The introduction of new or enhanced products also requires that we manage the
transition from older products in order to minimize disruption in customer
ordering patterns and ensure that adequate supplies of new products can be
delivered to meet anticipated customer demand. Our inability to develop on a
timely basis new products or enhancements to existing products, or the failure
of such new products or enhancements to achieve market acceptance, could have a
material adverse effect our business, financial condition and results of
operations.

IF WE LOSE KEY PERSONNEL, WE MAY BE UNABLE TO SUCCESSFULLY OPERATE OUR BUSINESS

    Our success depends to a significant degree upon the continued contributions
of our principal management, engineering and sales personnel, many of whom
perform important management functions and would be difficult to replace. We do
not have employment contracts with our key personnel. The loss of the services
of any key personnel could materially adversely affect our business, financial
condition and results of operations.

                           Page 15 of 23 Total Pages
<PAGE>
IF WE ARE UNABLE TO ATTRACT AND RETAIN ADDITIONAL QUALIFIED PERSONNEL, WE MAY BE
UNABLE TO SATISFY CUSTOMER DEMANDS WHICH MAY CAUSE OUR REVENUES TO DECLINE

    Our business strategy will require us to attract and retain additional
engineering, sales, customer support and administrative personnel. We have at
times experienced, and continue to experience, difficulty in recruiting
qualified personnel. Recruiting qualified personnel is an intensely competitive
and time consuming process.
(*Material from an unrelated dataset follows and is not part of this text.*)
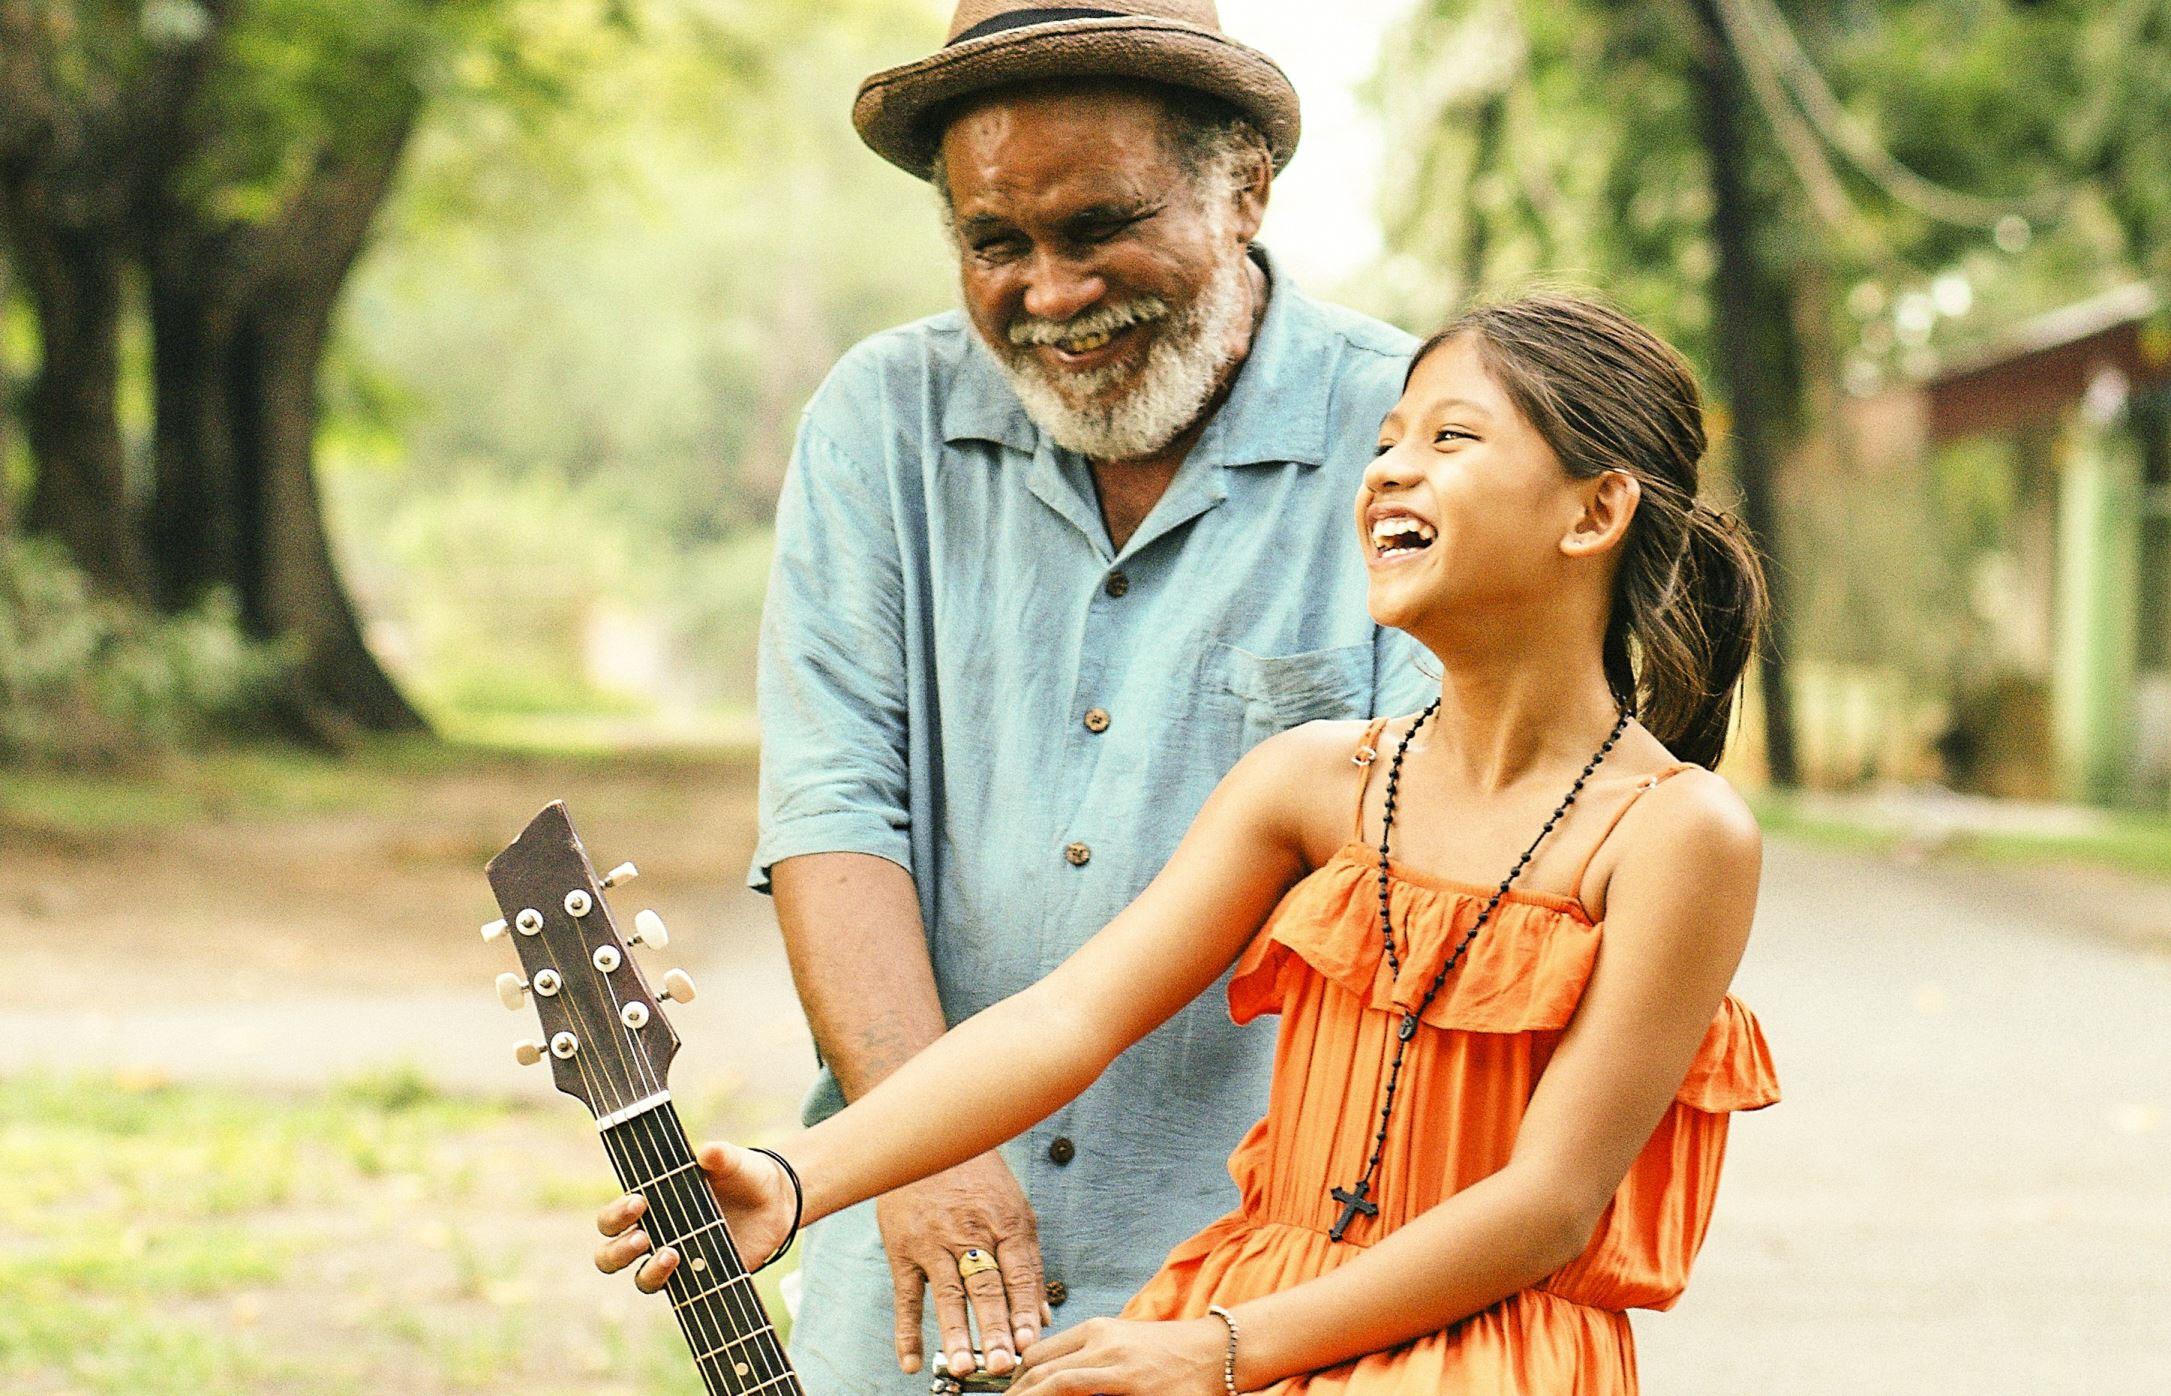 映画「ブランカとギター弾き」のシーン画像
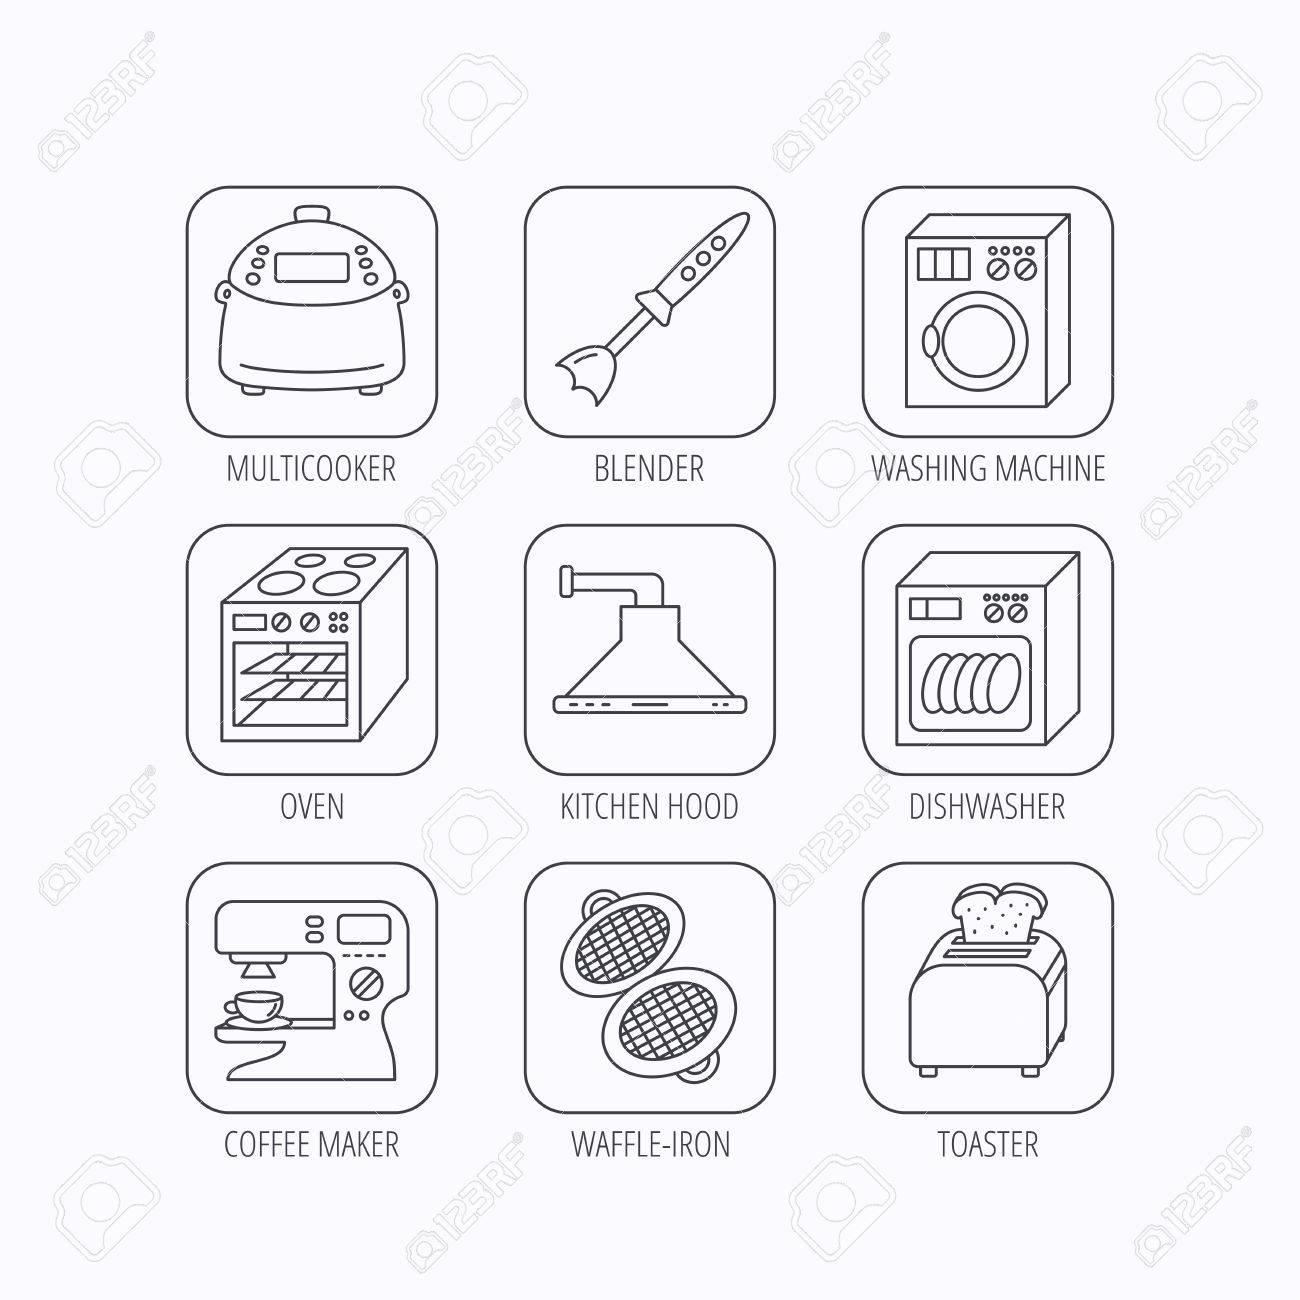 Favorit Spülmaschine, Waschmaschine Und Mixer-Symbole. Dunstabzugshaube MX68

We may not be able to attract and retain the
necessary personnel to accomplish our business objectives, and we may experience
constraints that will adversely affect our ability to satisfy customer demand in
a timely fashion or to support our customers and operations. In addition,
companies in the data communications industry whose employees accept positions
with competitors frequently claim that such competitors have engaged in unfair
hiring practices. We could incur substantial costs in defending ourselves
against any such litigation, regardless of the merits or outcome of such
litigation.

FAILURE TO MANAGE OUR GROWTH EFFECTIVELY MAY PREVENT US FROM MAXIMIZING OUR
EARNINGS

    We have expanded and plan to continue to expand our operations, including
our sales and marketing activities, our accounting, billing and human resource
departments and the establishment of additional sales offices. This expansion
may place significant strains on our ability to manage our growth, including our
ability to monitor operations, bill customers, control costs and maintain
effective quality controls. Until the end of December 1999, we relied upon
Brooktrout, our parent company, to provide us with administrative and support
services, including accounting, human resources and computer systems. Since
then, we have implemented systems that provide the functions and services that
were previously provided by Brooktrout. If we fail to manage our growth
effectively, it could have a material adverse effect on our business, financial
condition and results of operations.

INTENSE COMPETITION IN THE MARKET FOR HIGH SPEED DATA ACCESS EQUIPMENT PREVENT
US FROM ACHIEVING OR SUSTAINING PROFITABILITY

    The market for data communications equipment is highly competitive,
particularly in the emerging DSL equipment market. If we are unable to compete
effectively in the market for high speed data access equipment, our results of
operations could be materially adversely affected. We compete directly with
Ascend Communications, Inc., which was acquired by Lucent Technologies Inc.;
Copper Mountain Networks, Inc.; Diamond Lane, which was acquired by
Nokia, Inc.; Paradyne Networks, Inc.; and Tut Systems, Inc. Many of our current
and potential competitors have significantly greater selling and marketing,
technical, manufacturing, financial, and other resources. Moreover, our
competitors may foresee the course of market developments more accurately than
we do and could in the future develop new technologies that compete with our
products. The strength and capabilities of our competitors may be increased as a
result of the trend toward consolidation in the data communications market.
Capitalizing on and maintaining our technological advantage will require a
continued high level of investment in research and development, marketing and
customer service and support. Due to the rapidly evolving markets in which we
compete, additional competitors with significant market presence and financial
resources may enter those markets, thereby further intensifying competition. We
may not have sufficient resources to continue to make the investments or achieve
the technological advances necessary to compete successfully with existing
competitors or new competitors.

IF WE ARE UNABLE TO DEVELOP INTERNATIONAL MARKETS FOR OUR PRODUCTS, WE MAY BE
UNABLE TO GROW AS PLANNED

    Our strategy emphasizes the development of international markets for our
products. We may be unsuccessful in marketing, selling and distributing our
products in foreign markets. Conducting business outside of the United States is
subject to risks, including:

    - longer accounts receivable collection cycles;

                           Page 16 of 23 Total Pages
<PAGE>
    - possible foreign currency exchange and conversion issues;

    - difficulties in managing operations across disparate geographic areas;

    - difficulties associated with enforcing agreements and collecting
      receivables through foreign legal systems;

    - changes in a specific country's or region's political or economic
      conditions;

    - trade protection measures;

    - import or export licensing requirements;

    - potential adverse tax consequences;

    - unexpected changes in regulatory requirements; and

    - reduced or limited protection of our intellectual property rights in some
      countries.

    We cannot be certain that one or more of such factors will not have a
material adverse effect on our future international operations, and
consequently, our business, financial condition and results of operations.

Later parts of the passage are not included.